We say "Control Room", not "admin panel".

## File conventions
- React components in src/components/ using TypeScript.
- Styles with Tailwind only. No CSS modules, no inline style props.
- One component per file. Default exports.

## Before you ship
- Run the /ux-review skill on the screen.
- Run the /anti-pattern-check skill on the markup.
- Run the /copy-review skill on any customer-facing text.

This whole file is 40 lines. It covers everything Claude needs to produce consistent output. More is not better.


How to write context, in order

This is the order that works. Do not skip steps.

Step 1: Start without context

New project? Start coding. Start designing. Let Claude produce output with zero guidance. You will see exactly where it goes wrong.

This is your “context audit.” The issues you find are the rules you need to write.

Step 2: Capture the rule the moment friction appears

Claude produced a gradient you hate. Two moves:

  1. Fix it manually this time.
  2. Add a line to CLAUDE.md: “No gradient backgrounds. Solid fills only.”

The rule gets written from real friction, not from imagination. This is why rule lists written before you start tend to miss the things that actually matter.
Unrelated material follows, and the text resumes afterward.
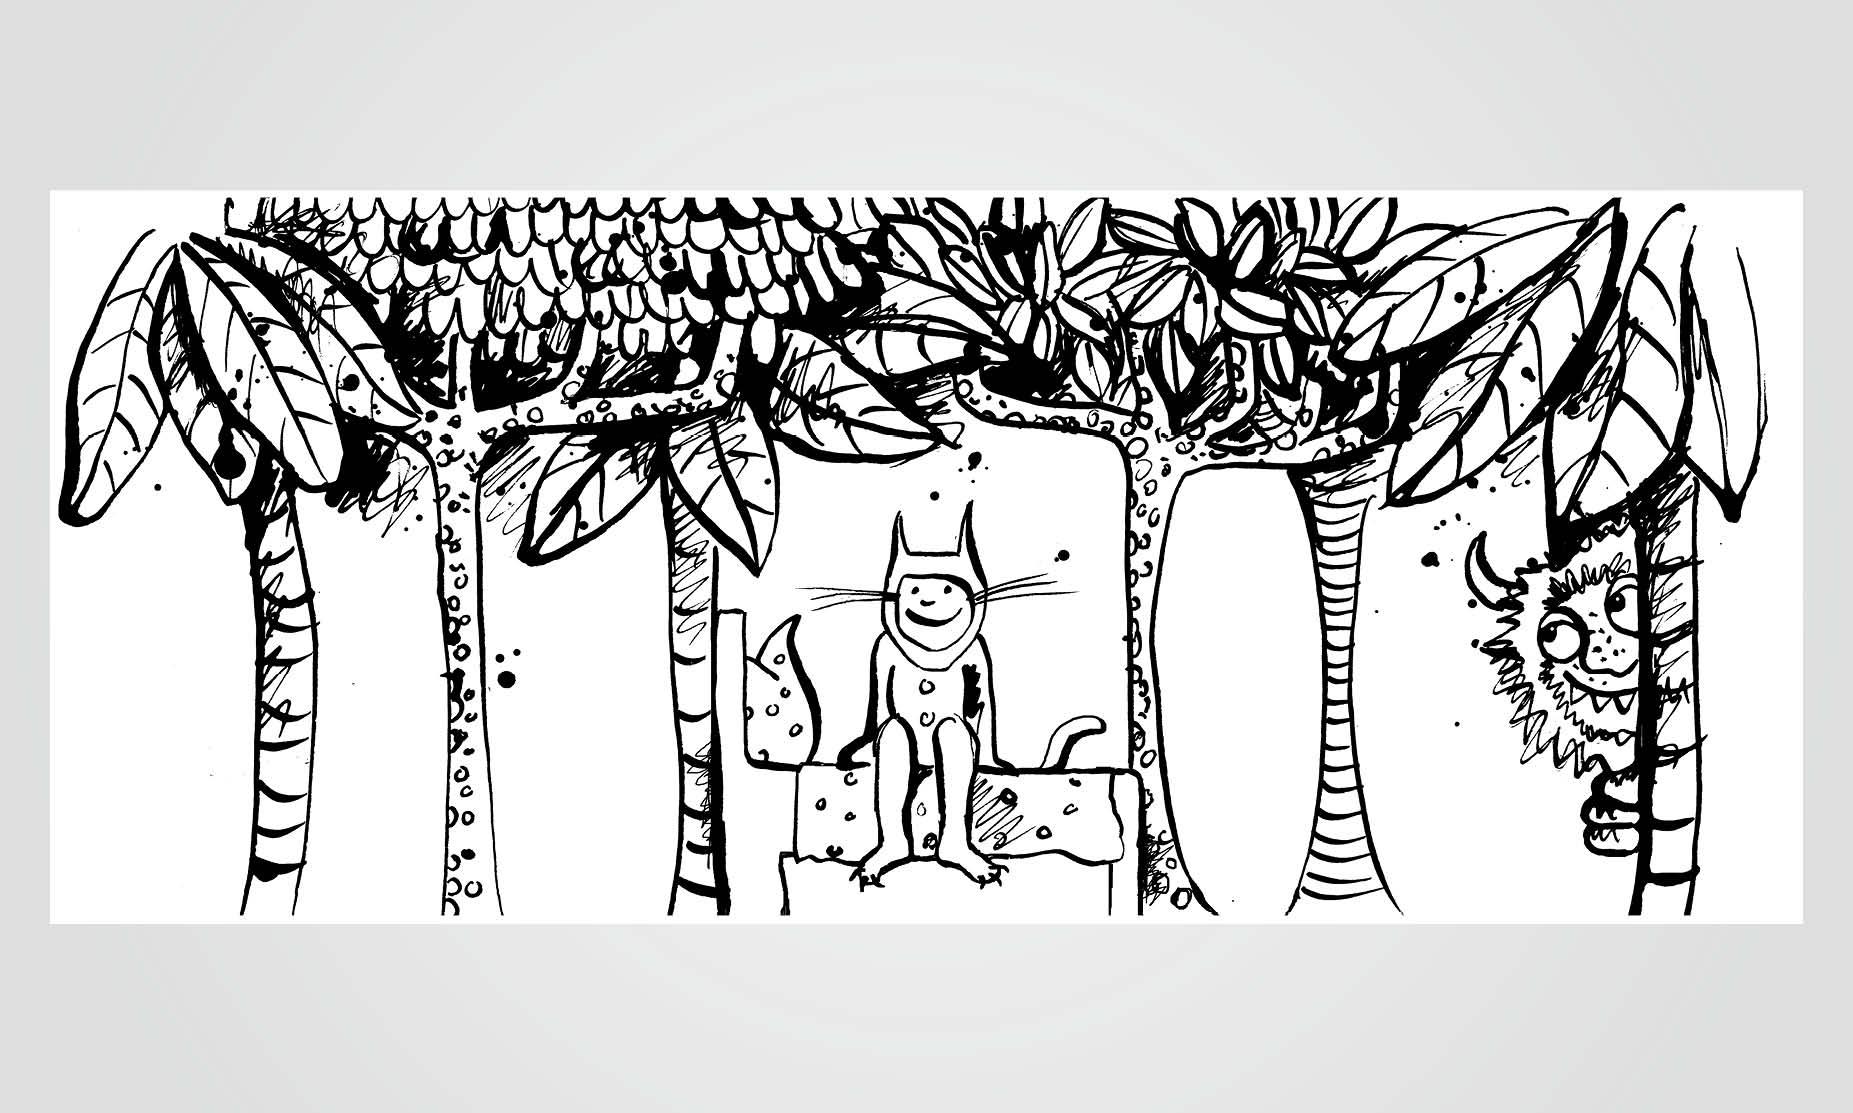 kinobecher-illustration-stadtwerke-essen-01.jpg

Step 3: Promote rules as patterns emerge

You notice the same anti-pattern across three projects? Promote it from project CLAUDE.md to global (~/.claude/CLAUDE.md). One place to maintain, everywhere applied.

Step 4: Refactor context every 2 weeks

Every two weeks, read your CLAUDE.md start to finish. You will find:

  • Rules you no longer follow
  • Rules that are now redundant (the agent never breaks them anymore)
  • Rules that are vague enough to be useless

Delete the dead ones. Tighten the vague ones. Keep the file lean.

A 40-line CLAUDE.md that is fully enforced beats a 400-line CLAUDE.md where half the rules are stale. Less context, higher fidelity.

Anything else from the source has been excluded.